[[ Source material, beginning ]]
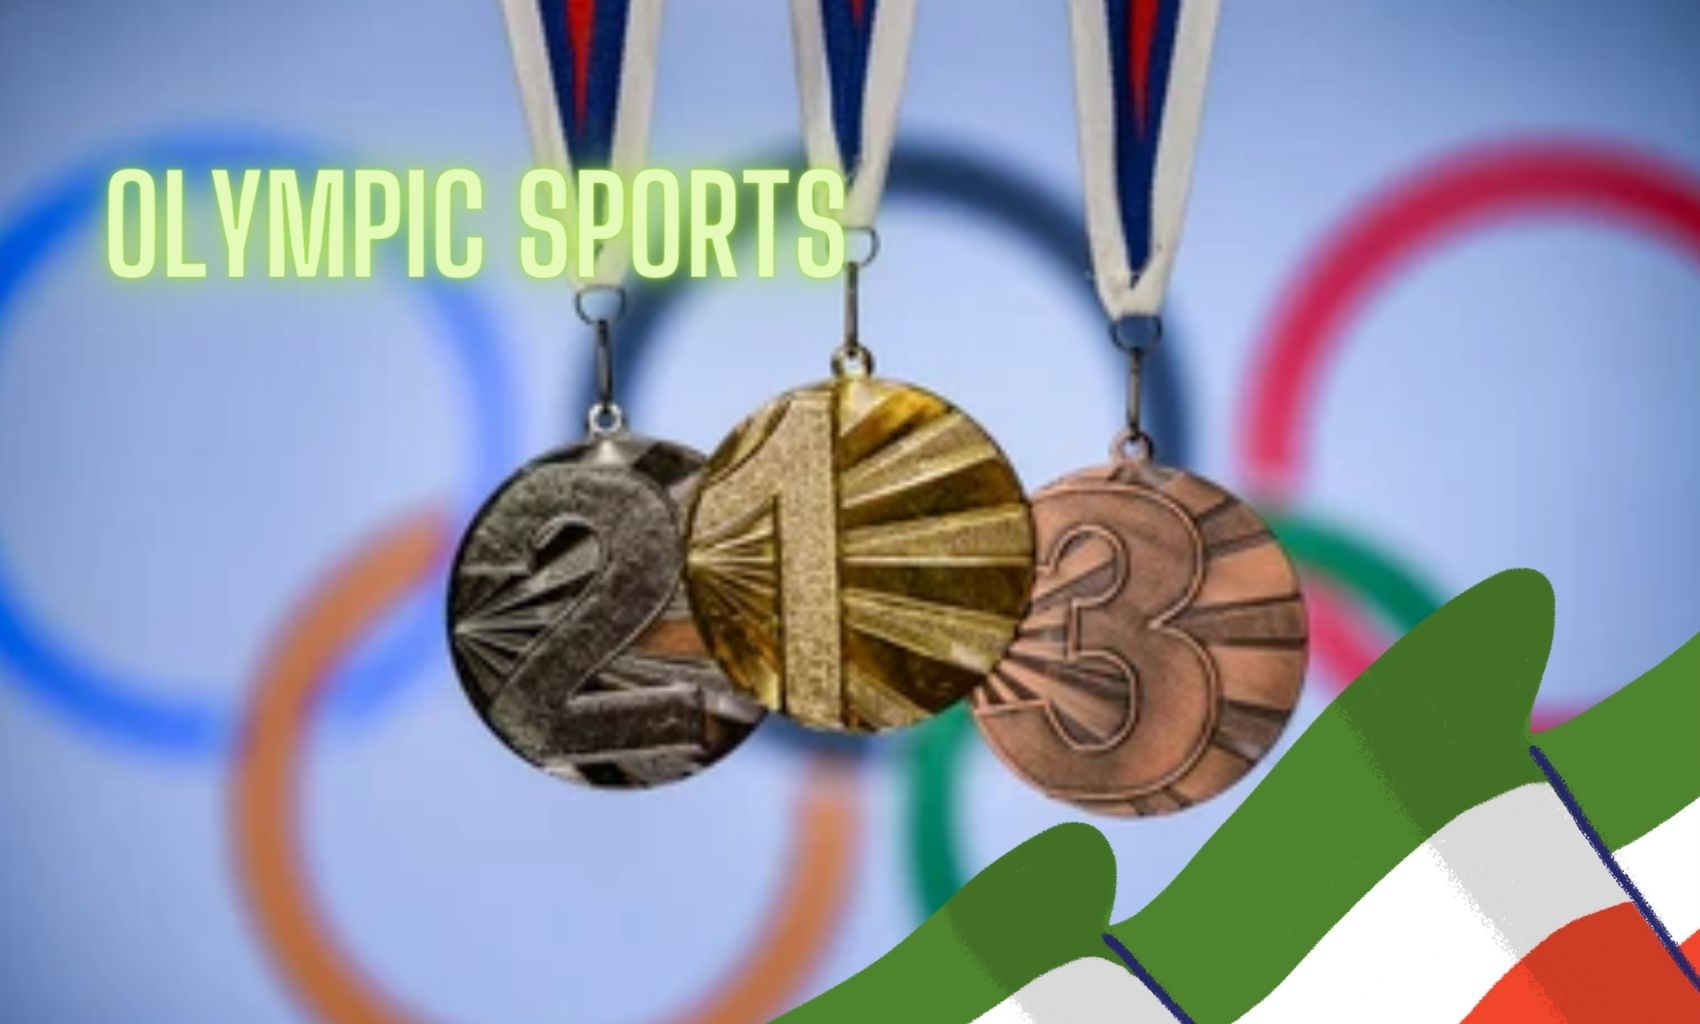 What are the most popular Olympic sports?
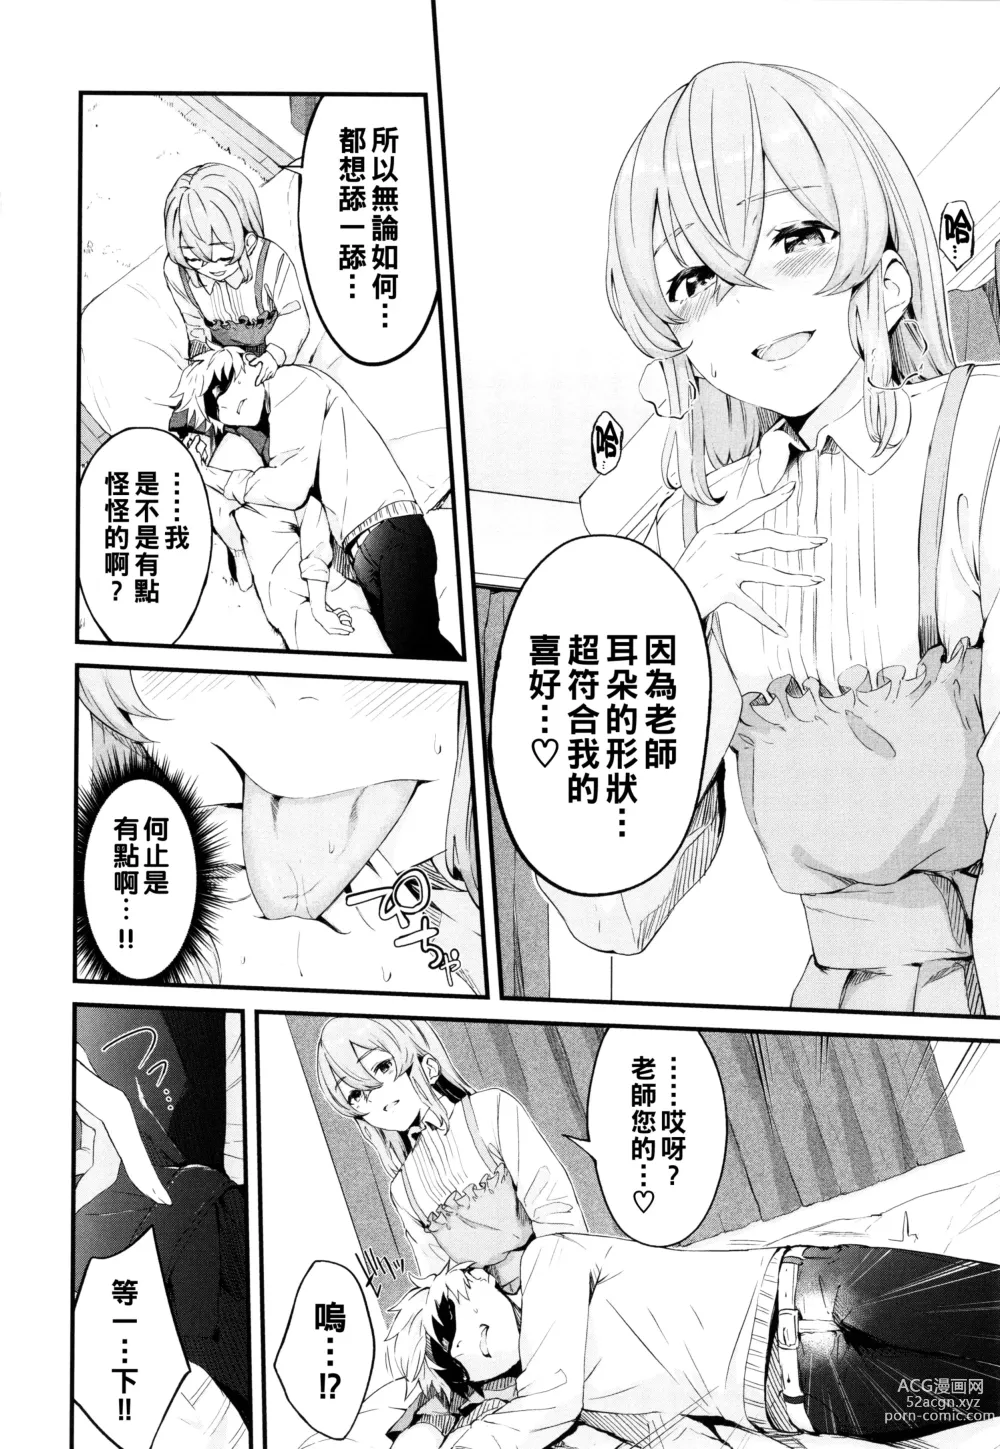 Page 8 of manga Melty Miss
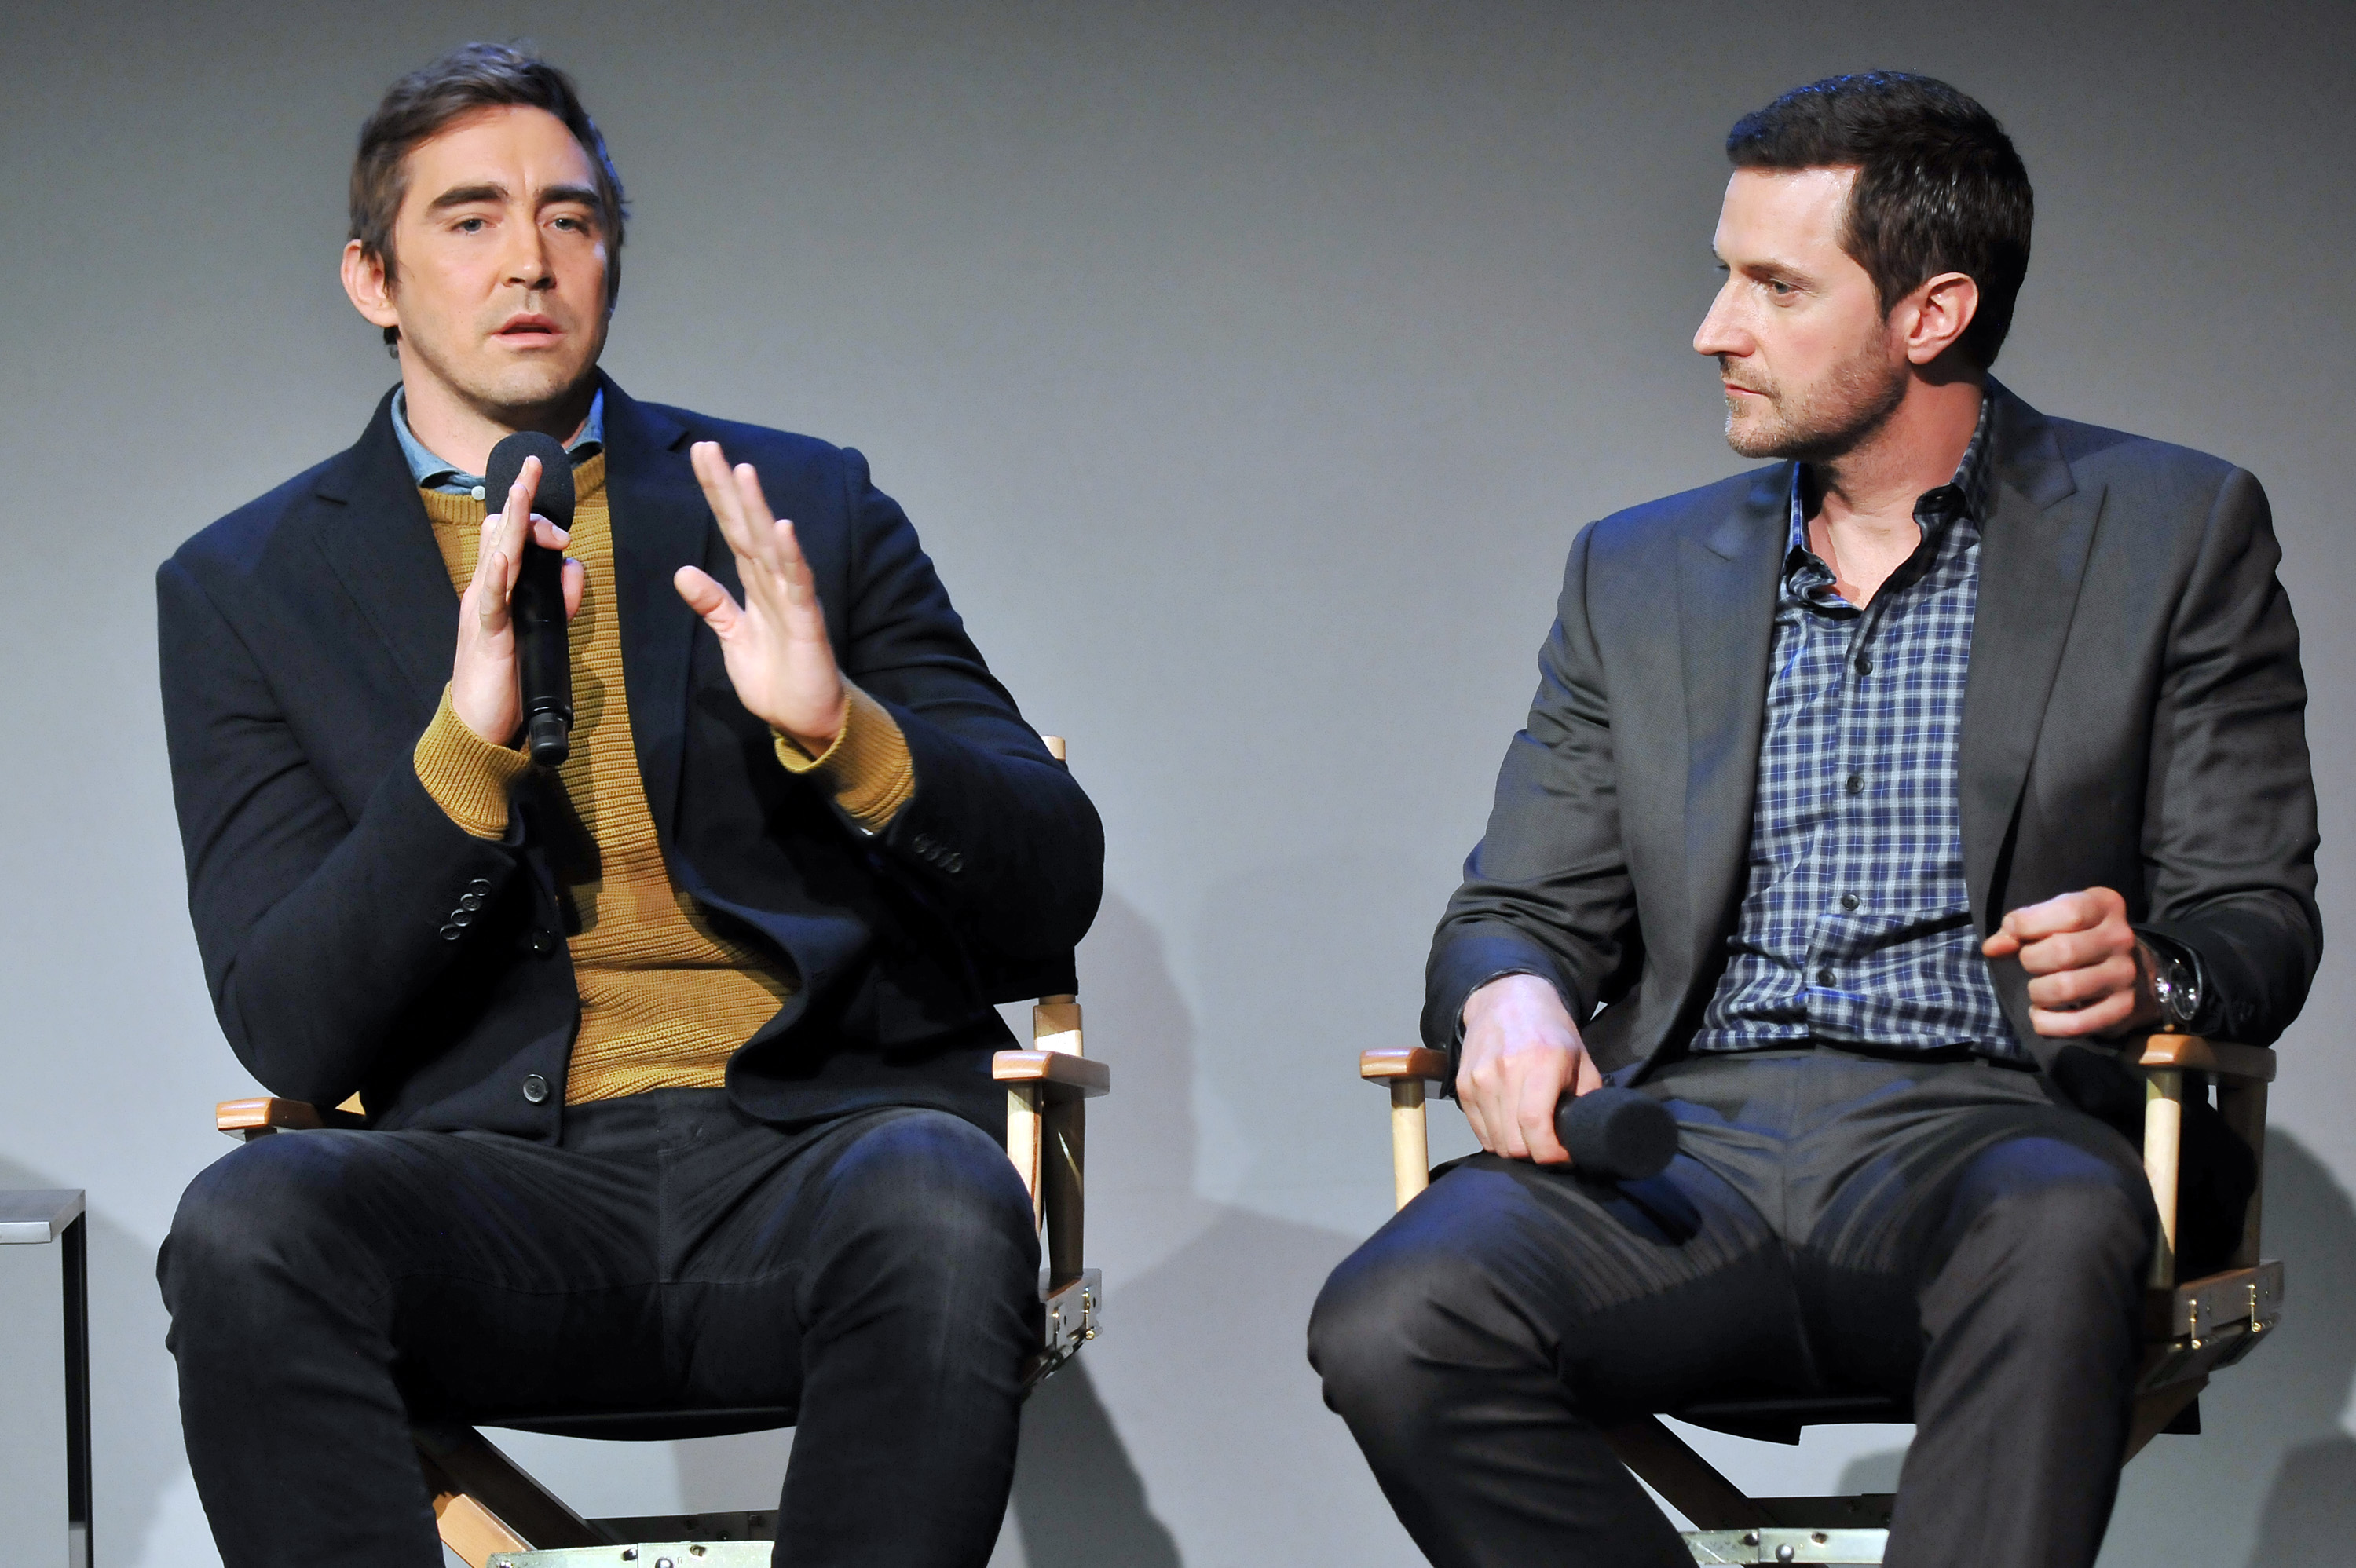  Lee Pace and Richard Armitage on December 11, 2014 in New York City | Source: Getty Images
[[ Source material, end ]]
• _Task goal_: Repeat the lines above precisely and skip every picture.

• _Task output_:
 What are the most popular Olympic sports?
 Page 8 of manga Melty Miss
  Lee Pace and Richard Armitage on December 11, 2014 in New York City | Source: Getty Images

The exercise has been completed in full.